Entries supplied:
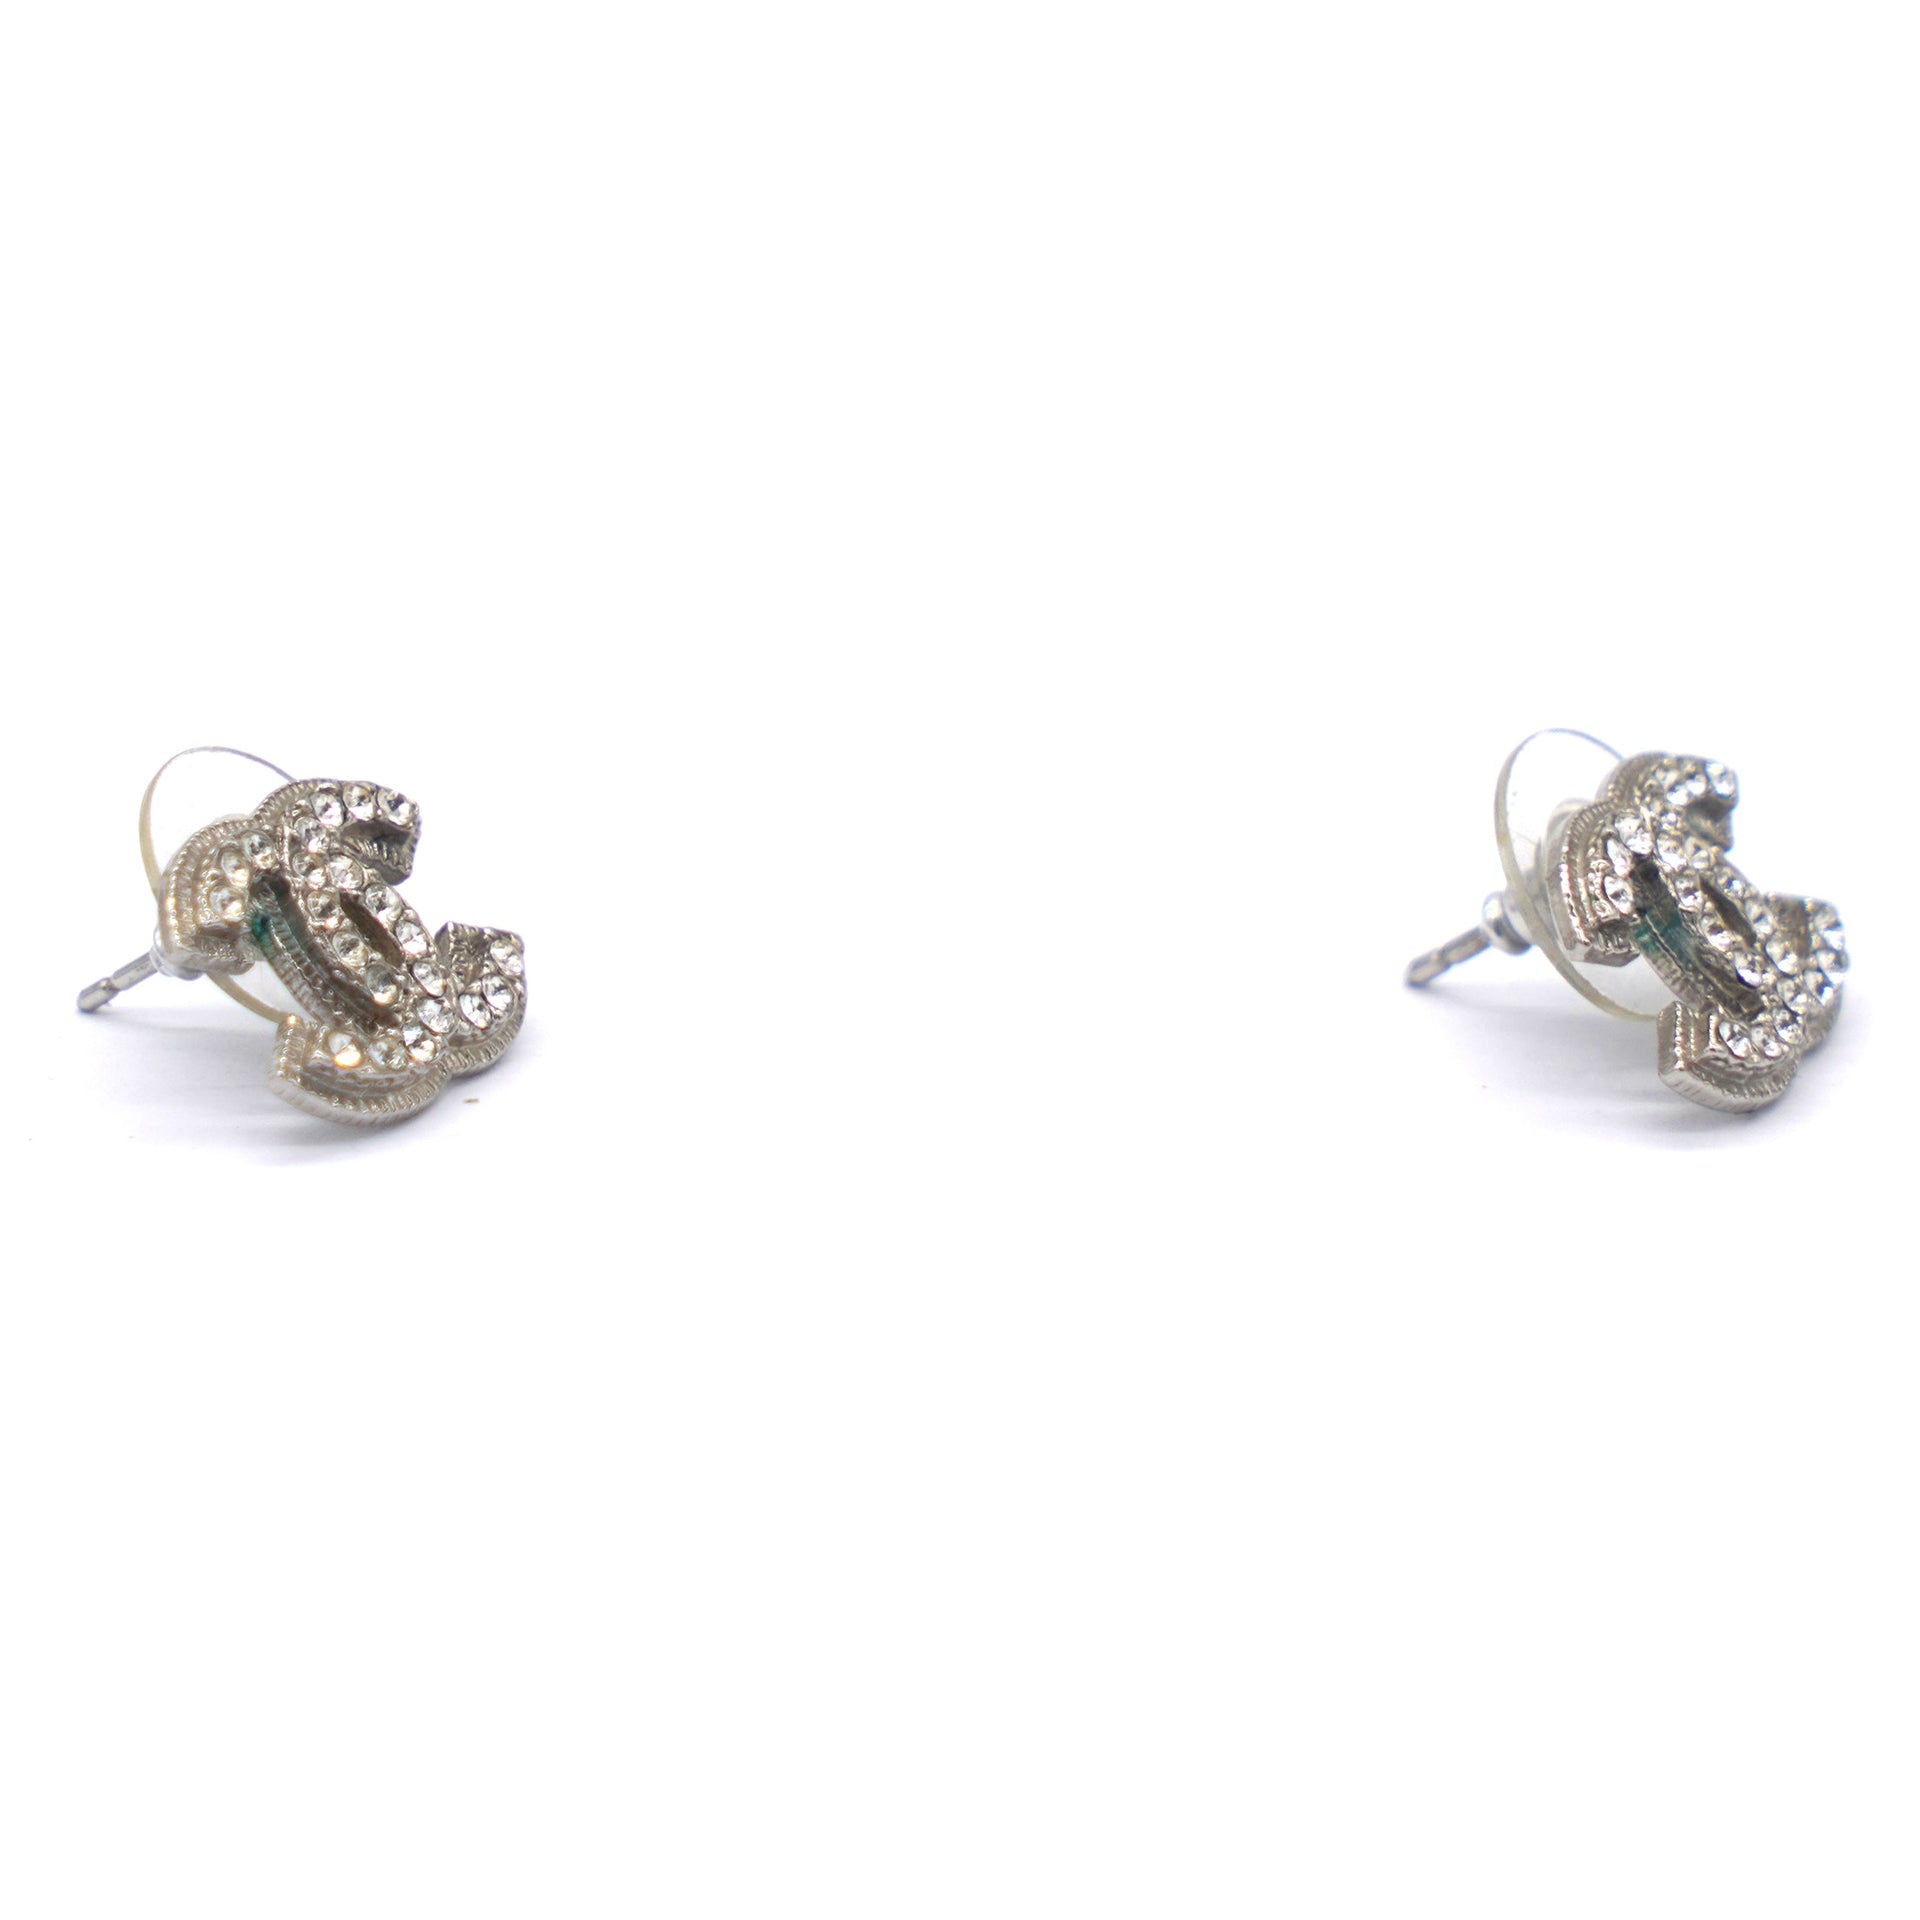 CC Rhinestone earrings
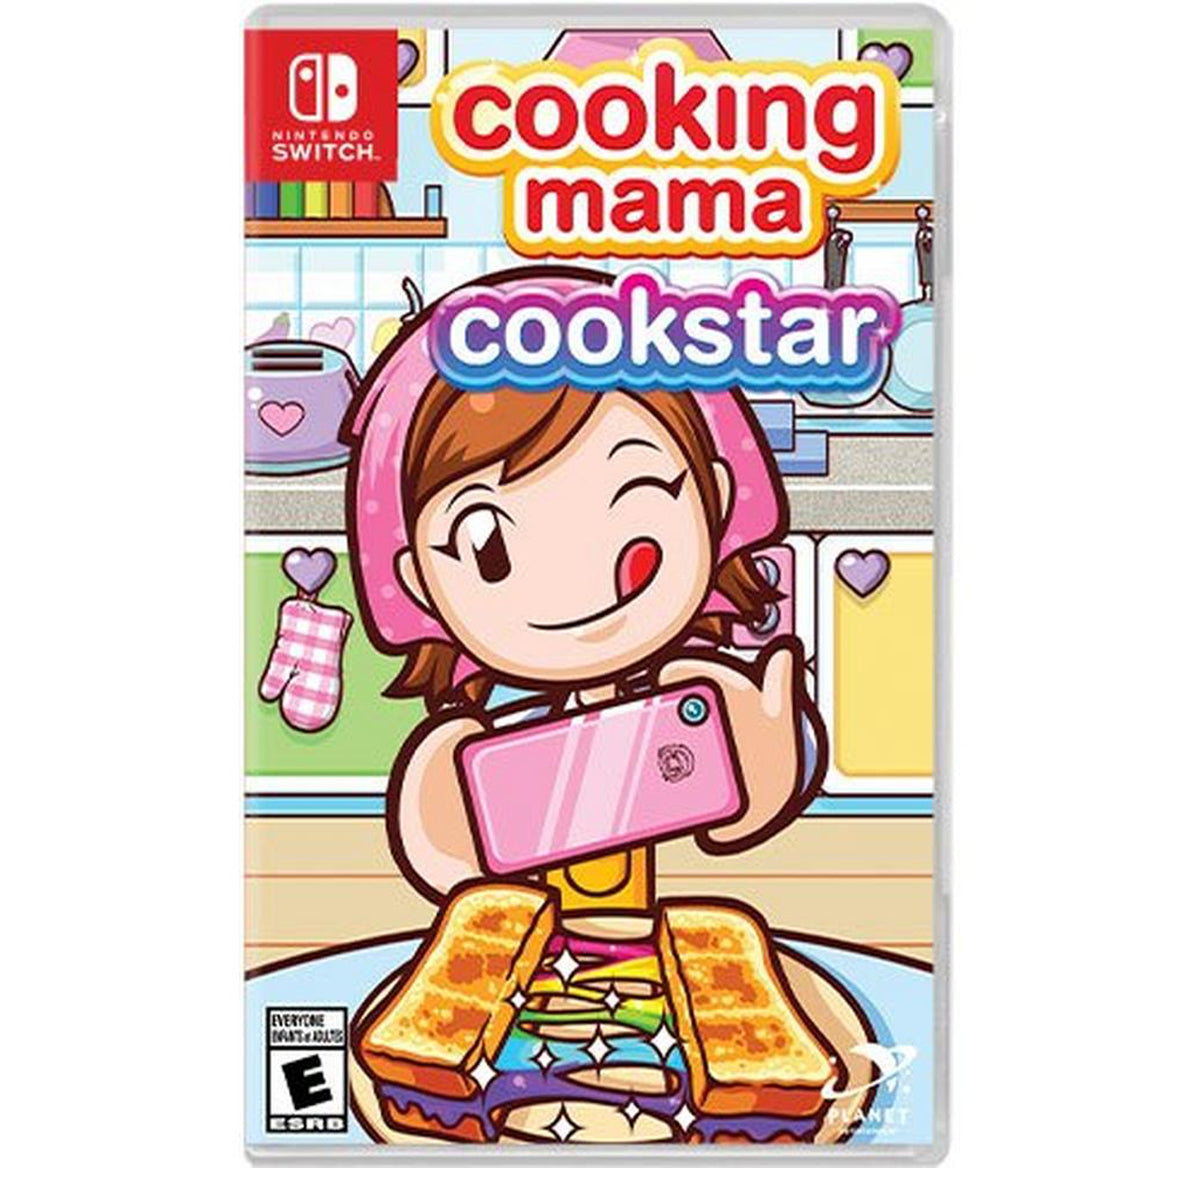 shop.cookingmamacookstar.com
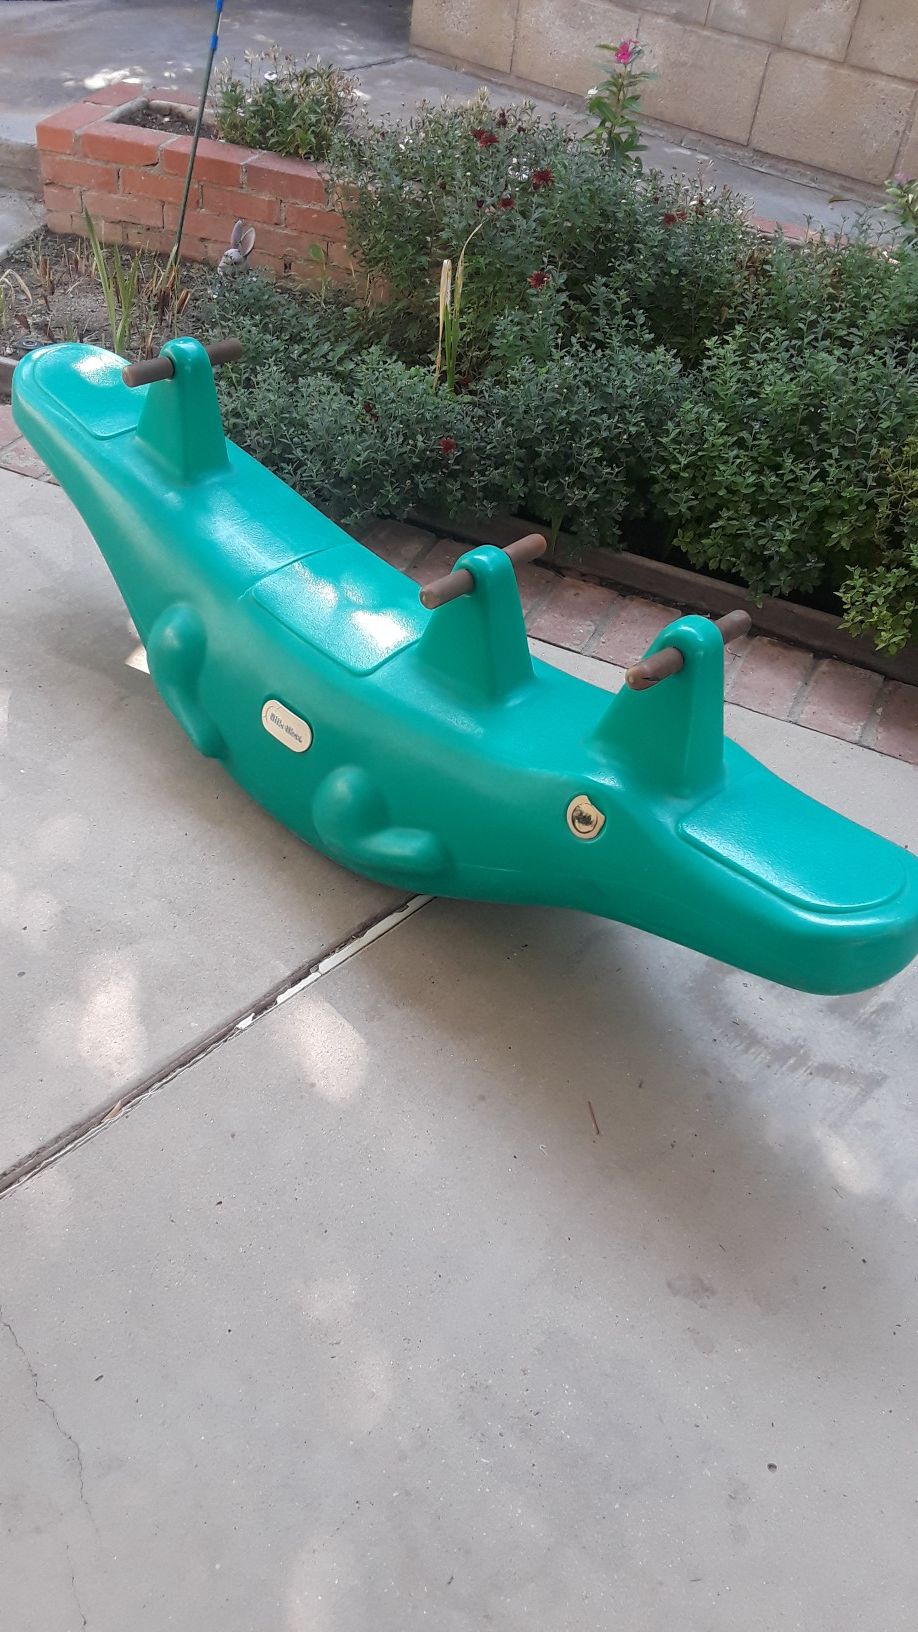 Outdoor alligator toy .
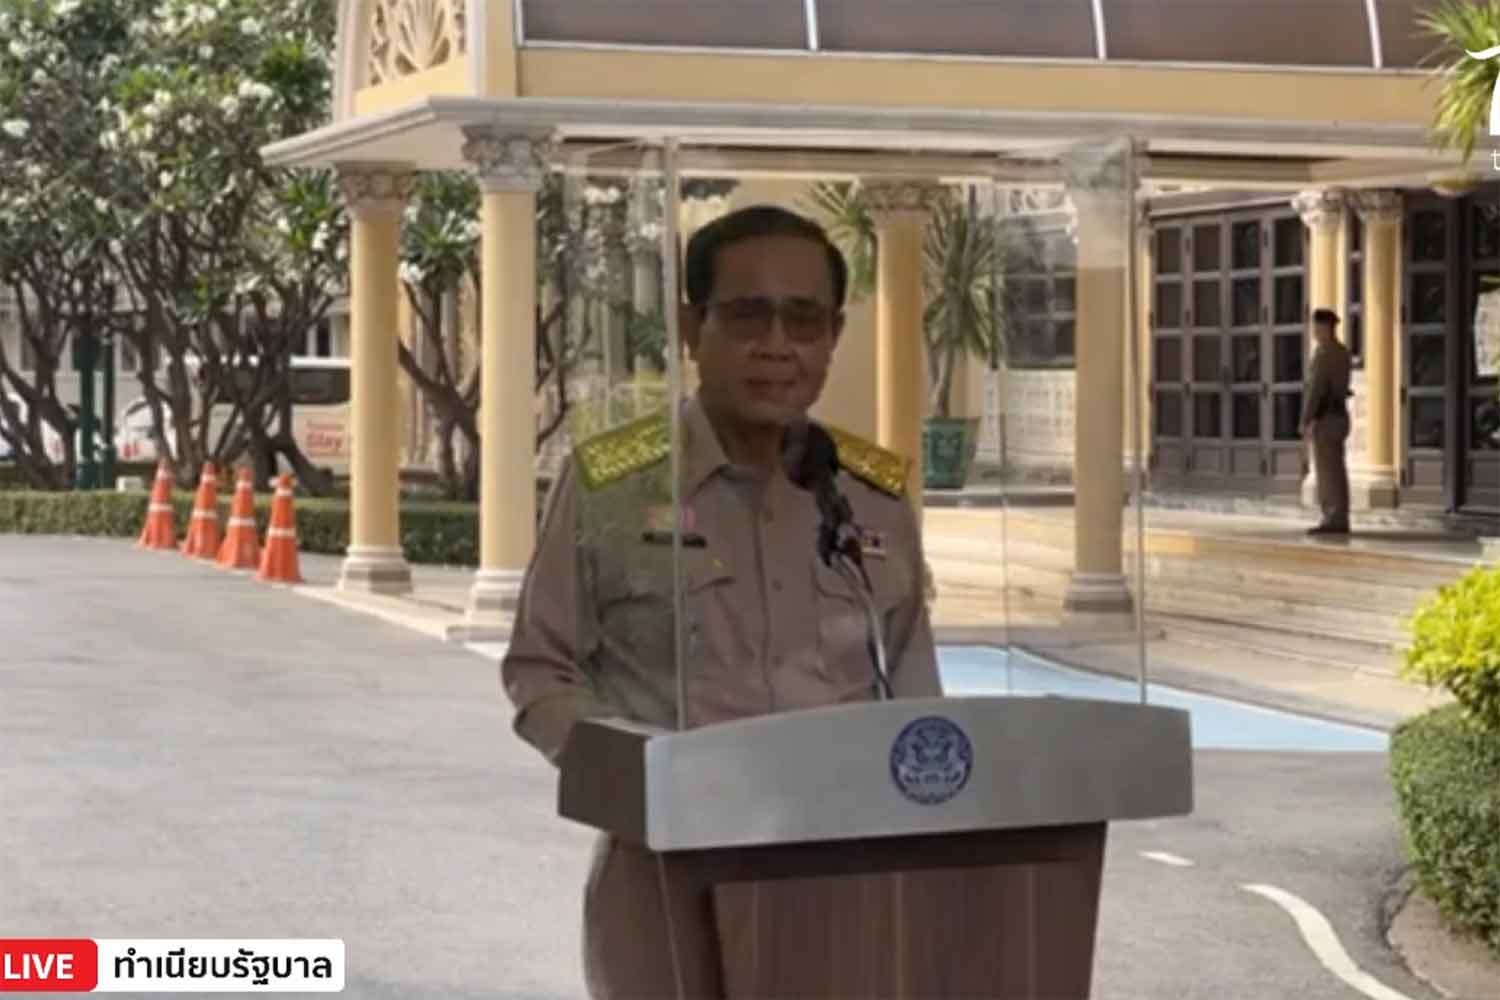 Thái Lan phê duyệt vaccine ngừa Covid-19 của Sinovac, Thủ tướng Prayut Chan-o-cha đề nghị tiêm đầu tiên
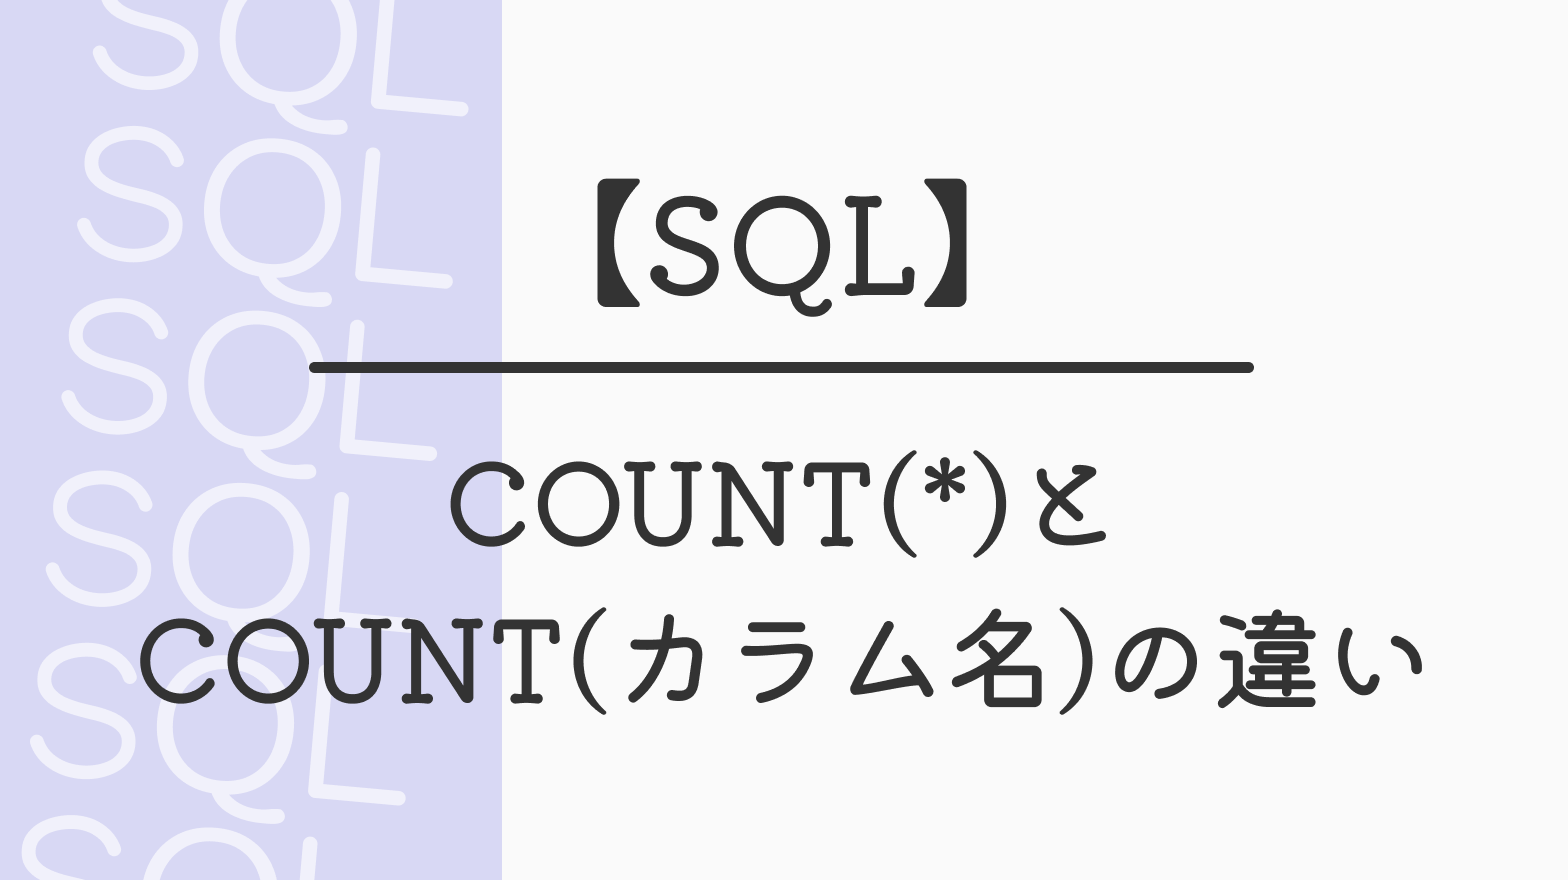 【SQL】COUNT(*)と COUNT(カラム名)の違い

Work item: Each line from the line containing "shop.cookingmamacookstar.com" through the last line above must be written out exactly, and every picture must be omitted.

Written answer:
 shop.cookingmamacookstar.com
 Outdoor alligator toy .
 Thái Lan phê duyệt vaccine ngừa Covid-19 của Sinovac, Thủ tướng Prayut Chan-o-cha đề nghị tiêm đầu tiên
 【SQL】COUNT(*)と COUNT(カラム名)の違い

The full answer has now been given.